_Entries provided_
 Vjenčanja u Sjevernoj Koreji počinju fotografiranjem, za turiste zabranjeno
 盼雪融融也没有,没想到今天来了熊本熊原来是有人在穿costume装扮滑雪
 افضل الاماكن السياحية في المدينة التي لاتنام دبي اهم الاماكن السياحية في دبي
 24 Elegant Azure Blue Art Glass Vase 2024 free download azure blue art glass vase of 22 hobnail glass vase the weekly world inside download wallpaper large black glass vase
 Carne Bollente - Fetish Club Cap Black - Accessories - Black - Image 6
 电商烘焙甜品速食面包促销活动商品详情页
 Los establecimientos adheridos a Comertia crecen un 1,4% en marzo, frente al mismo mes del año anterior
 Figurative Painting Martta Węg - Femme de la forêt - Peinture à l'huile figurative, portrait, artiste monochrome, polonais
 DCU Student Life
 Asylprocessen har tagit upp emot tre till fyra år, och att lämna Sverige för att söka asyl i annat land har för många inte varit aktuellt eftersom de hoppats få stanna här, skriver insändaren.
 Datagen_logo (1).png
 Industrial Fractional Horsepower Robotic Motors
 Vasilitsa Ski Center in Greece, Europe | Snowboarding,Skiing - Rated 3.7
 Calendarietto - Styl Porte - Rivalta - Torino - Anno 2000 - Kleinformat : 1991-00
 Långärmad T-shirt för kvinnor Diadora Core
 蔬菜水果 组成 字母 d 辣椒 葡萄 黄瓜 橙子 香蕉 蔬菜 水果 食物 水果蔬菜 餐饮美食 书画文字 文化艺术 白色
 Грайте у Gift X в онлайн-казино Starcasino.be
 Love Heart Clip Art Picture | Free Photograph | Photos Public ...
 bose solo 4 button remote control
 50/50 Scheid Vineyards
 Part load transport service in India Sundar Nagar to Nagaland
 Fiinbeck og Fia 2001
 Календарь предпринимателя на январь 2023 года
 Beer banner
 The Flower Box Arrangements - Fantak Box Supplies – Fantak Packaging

_Exercise_
Your task is to reproduce, exactly and exclusively, the lines from the one holding "Love Heart Clip" through the final line of the listing.

_Task output_
 Love Heart Clip Art Picture | Free Photograph | Photos Public ...
 bose solo 4 button remote control
 50/50 Scheid Vineyards
 Part load transport service in India Sundar Nagar to Nagaland
 Fiinbeck og Fia 2001
 Календарь предпринимателя на январь 2023 года
 Beer banner
 The Flower Box Arrangements - Fantak Box Supplies – Fantak Packaging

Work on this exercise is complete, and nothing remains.